━━━━━ SOURCE DATA ━━━━━

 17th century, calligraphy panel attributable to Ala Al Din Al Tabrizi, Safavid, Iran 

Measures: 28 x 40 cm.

━━━━━
━━━━━ SOURCE DATA ━━━━━

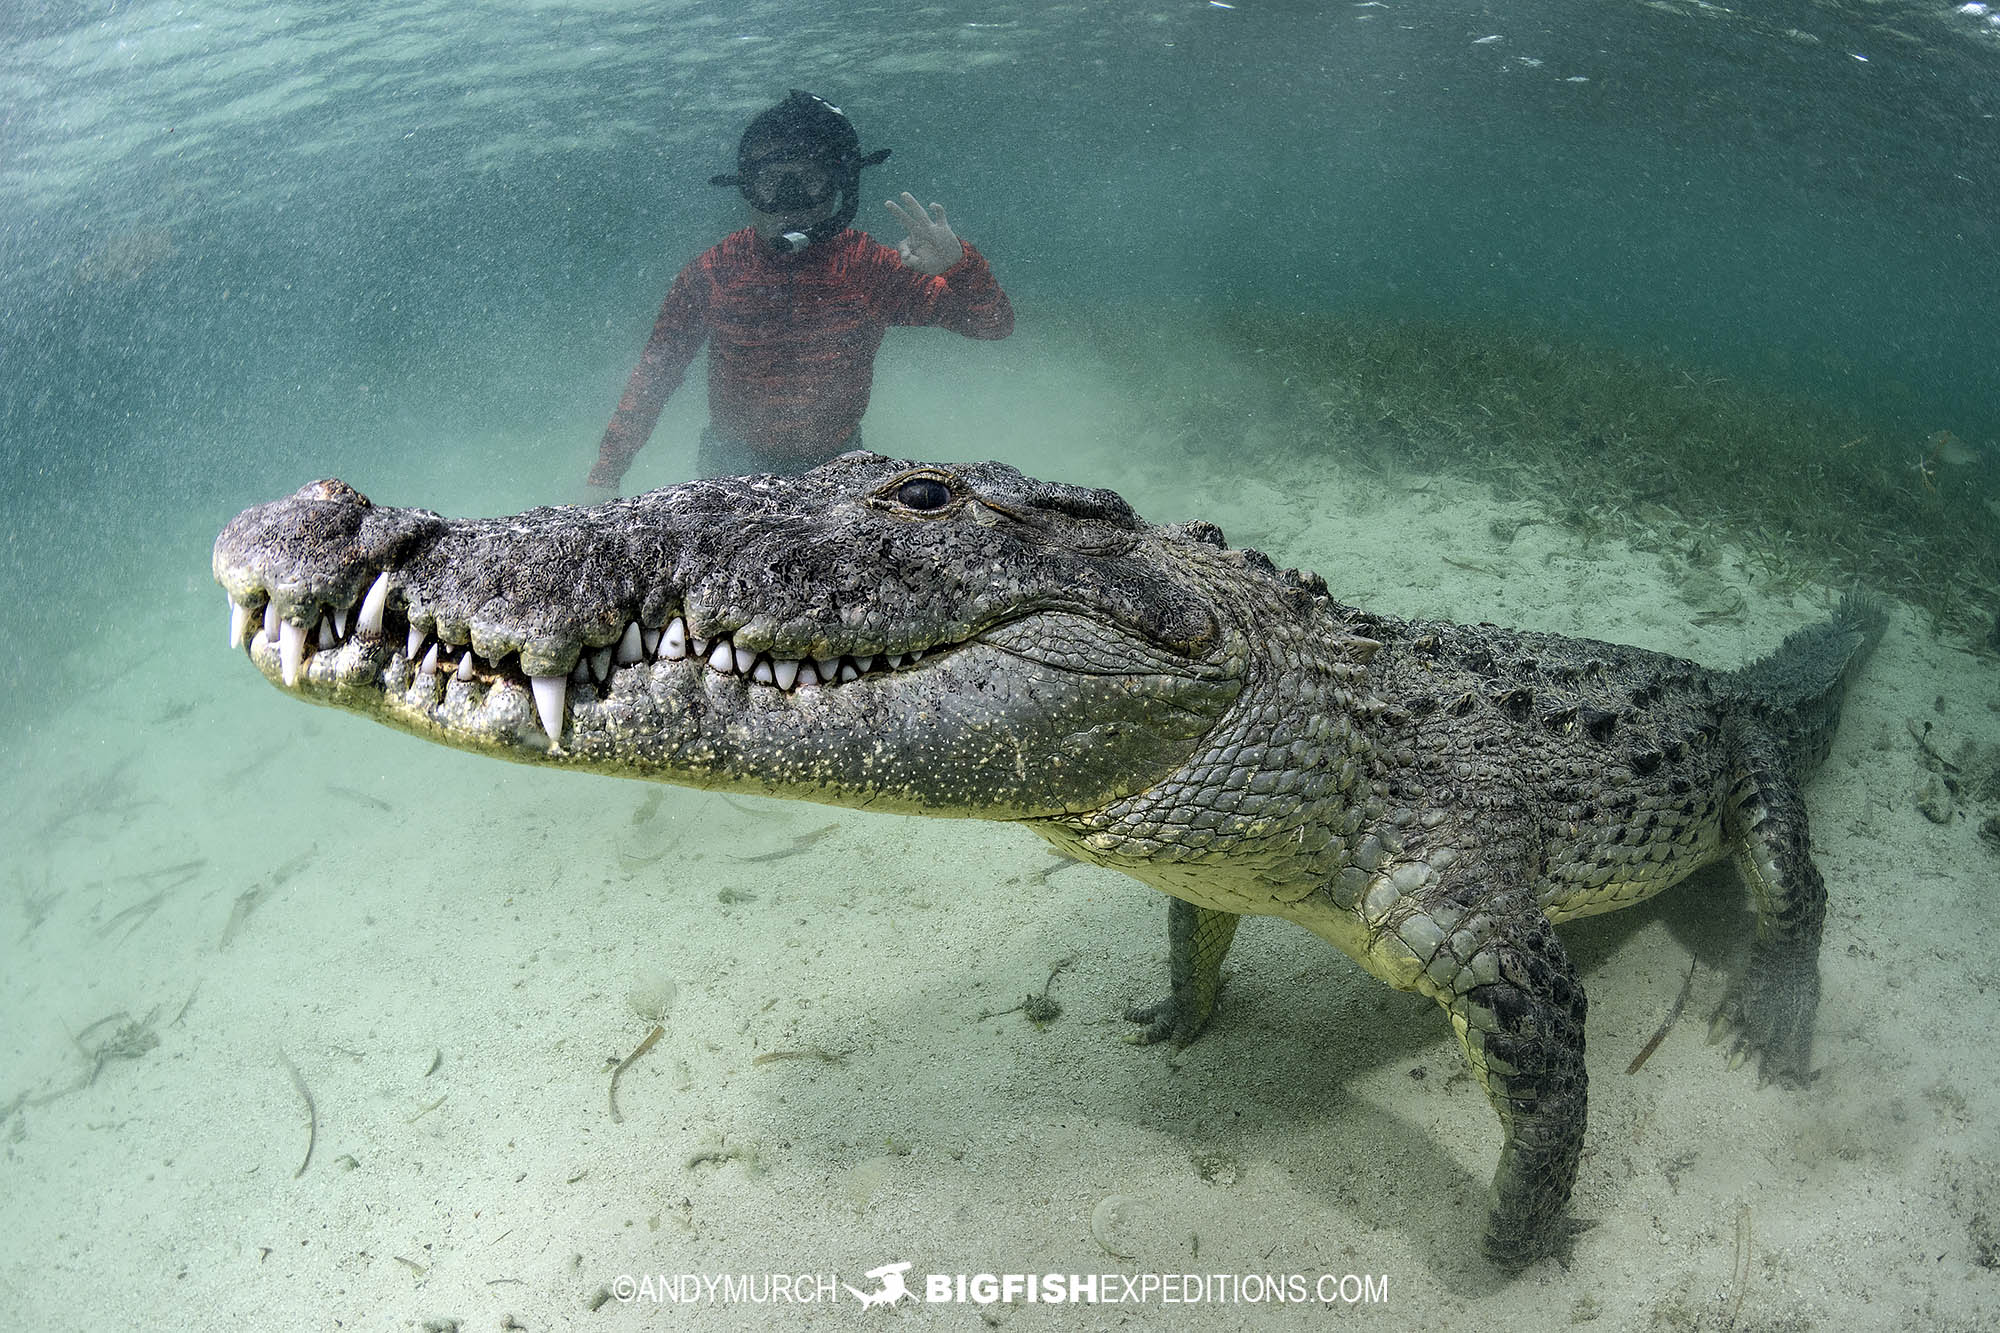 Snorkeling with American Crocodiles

━━━━━
━━━━━ SOURCE DATA ━━━━━

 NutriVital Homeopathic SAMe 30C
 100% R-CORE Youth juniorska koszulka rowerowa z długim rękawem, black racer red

━━━━━

Only one stretch of the entries above is wanted: the lines from the one containing "17th century, calligraphy" through the one containing "Measures: 28 x 40 cm.". Please reproduce it exactly.

OUTPUT FOR THIS TASK =>
 17th century, calligraphy panel attributable to Ala Al Din Al Tabrizi, Safavid, Iran 

Measures: 28 x 40 cm.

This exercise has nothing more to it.